======== Source data

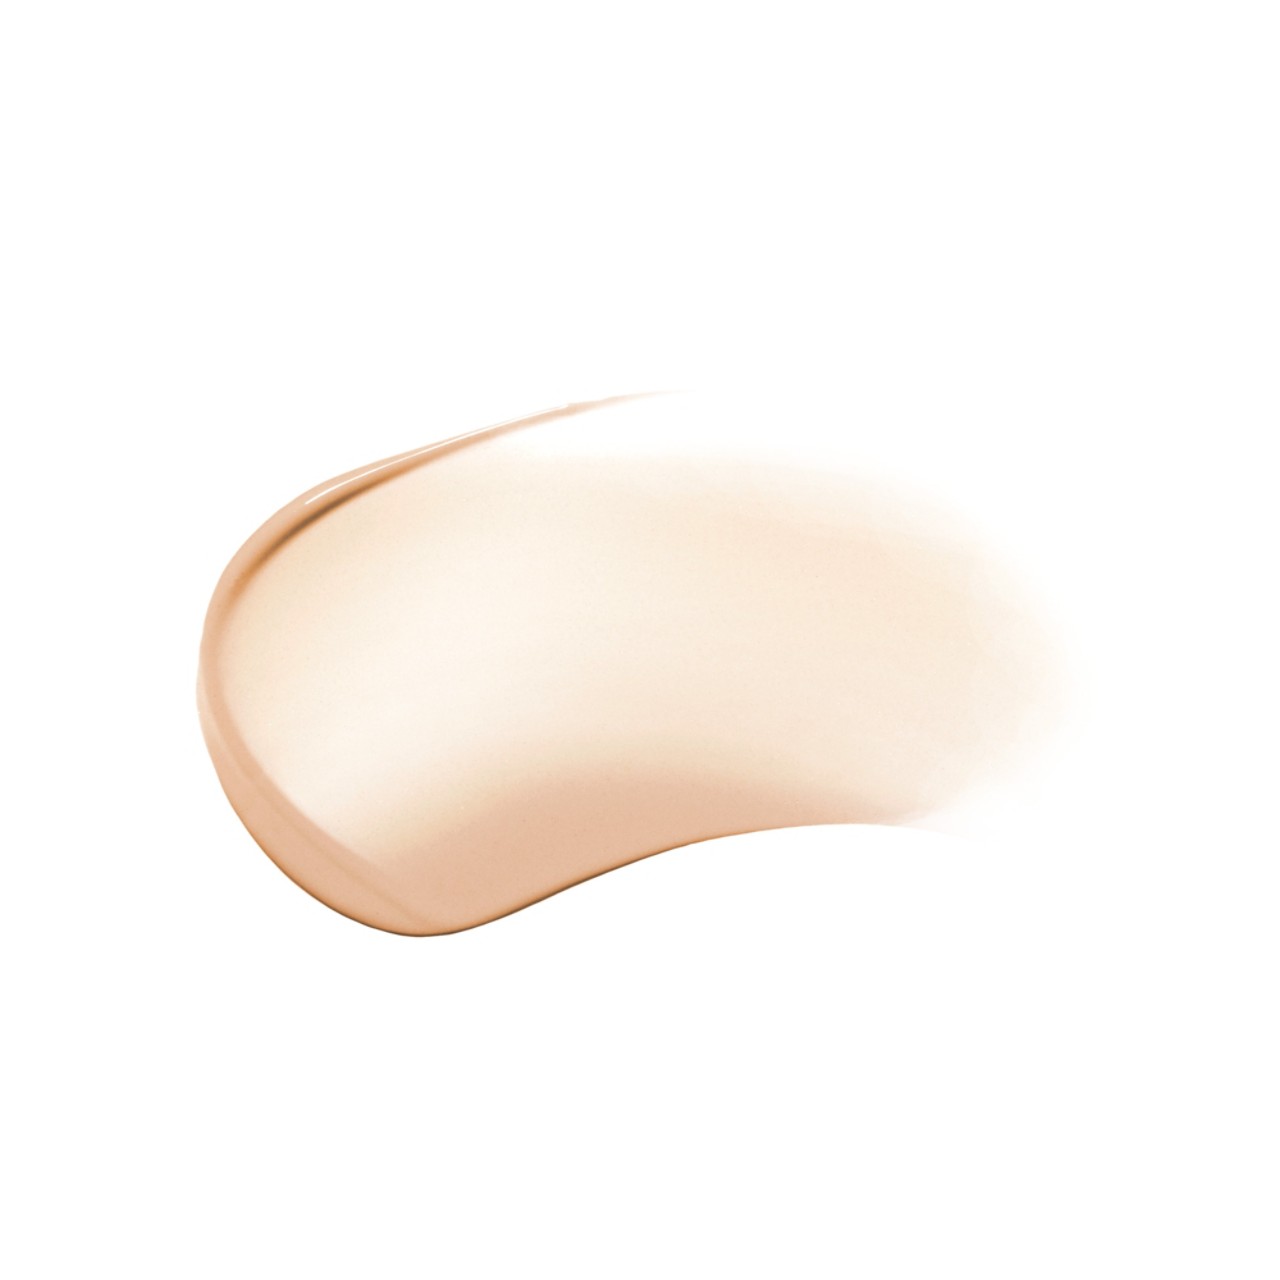 COVERGIRL Smoothers Lightweight BB Cream, 810 Light to Medium, 1.35 fl oz - image 3 of 10
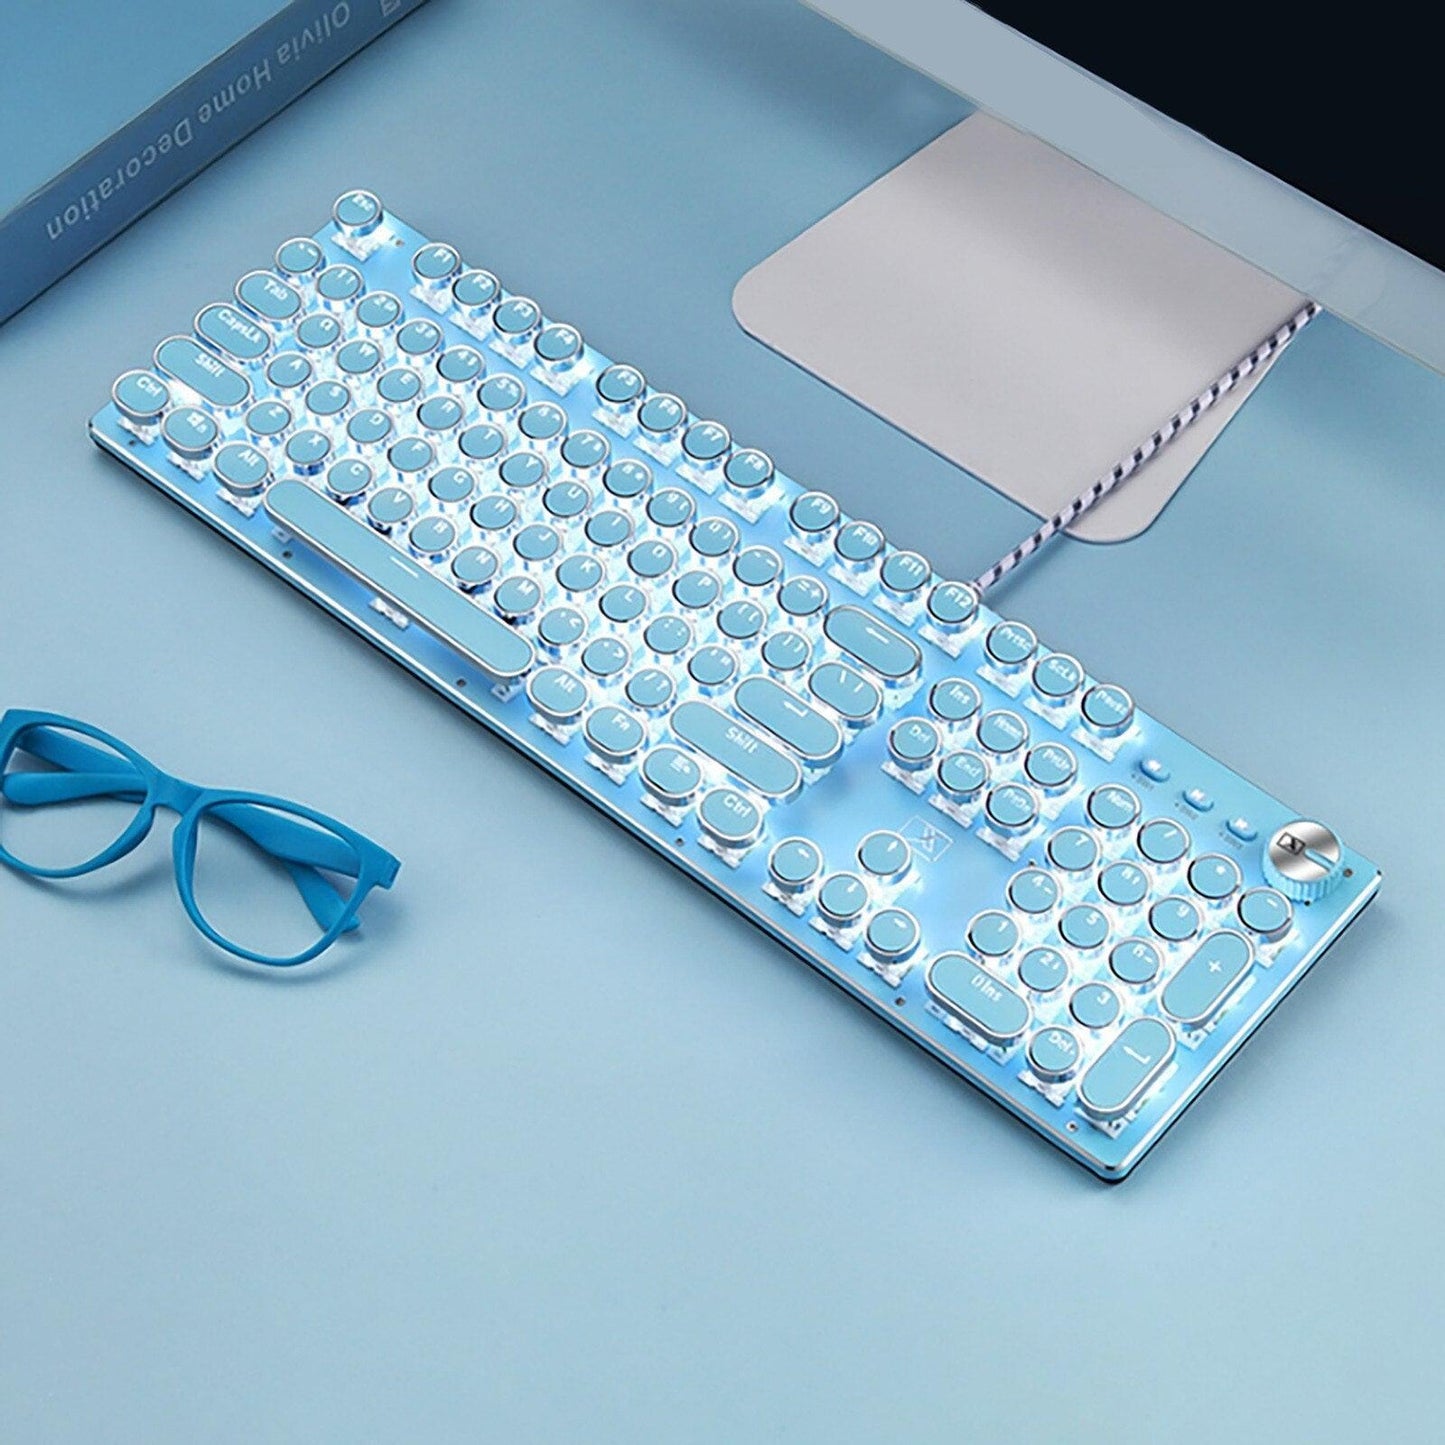  Gaming Fashionable Keyboard sold by Fleurlovin, Free Shipping Worldwide
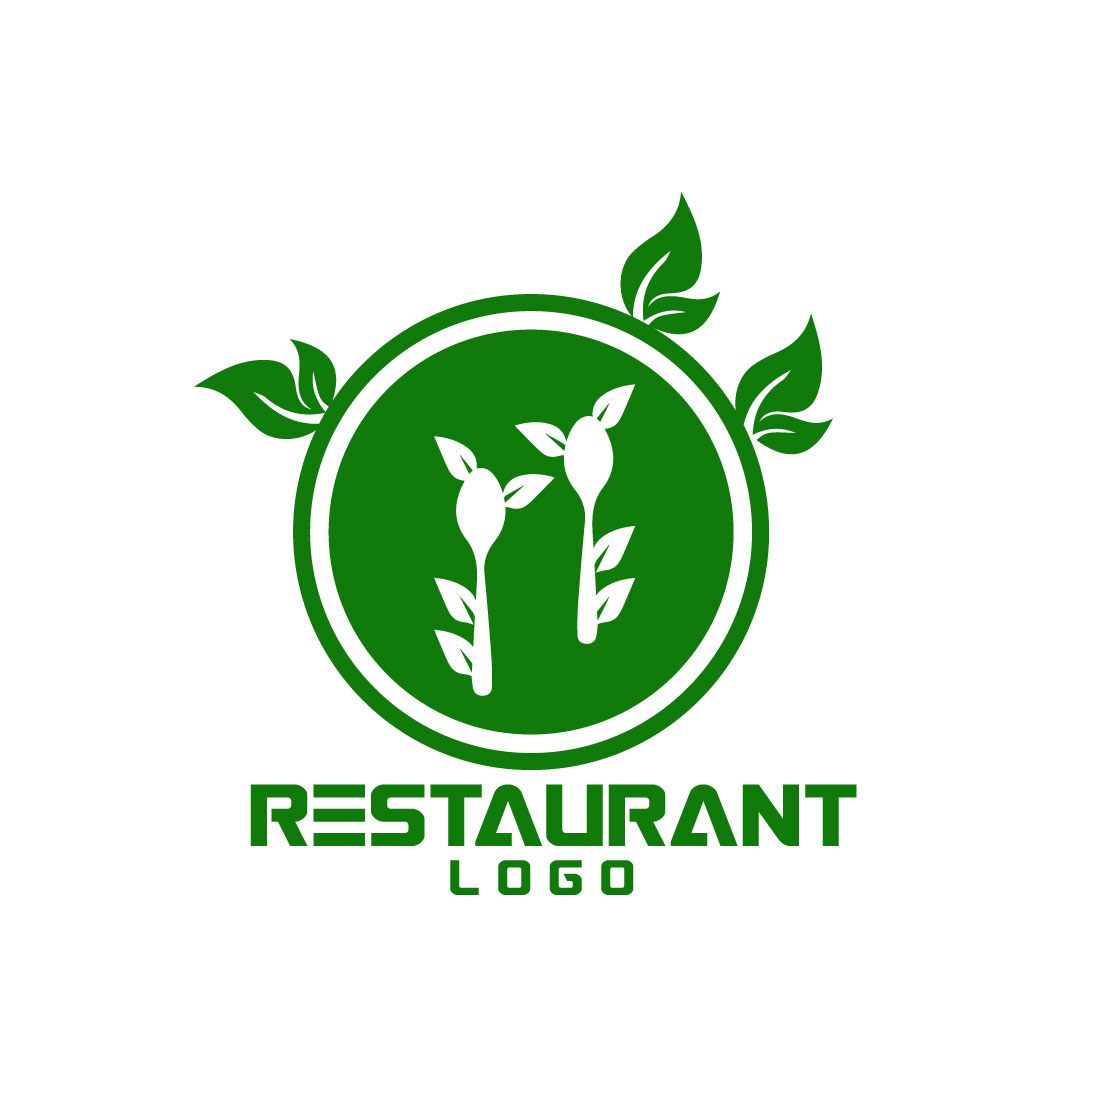 Free Restaurant Logo preview image.

================

• [Work request]: From the line containing "Gaming Fashionable Keyboard" through the last line of the material above, write out each line exactly, leaving aside all pictures.

• [Result]:
  Gaming Fashionable Keyboard sold by Fleurlovin, Free Shipping Worldwide
 Free Restaurant Logo preview image.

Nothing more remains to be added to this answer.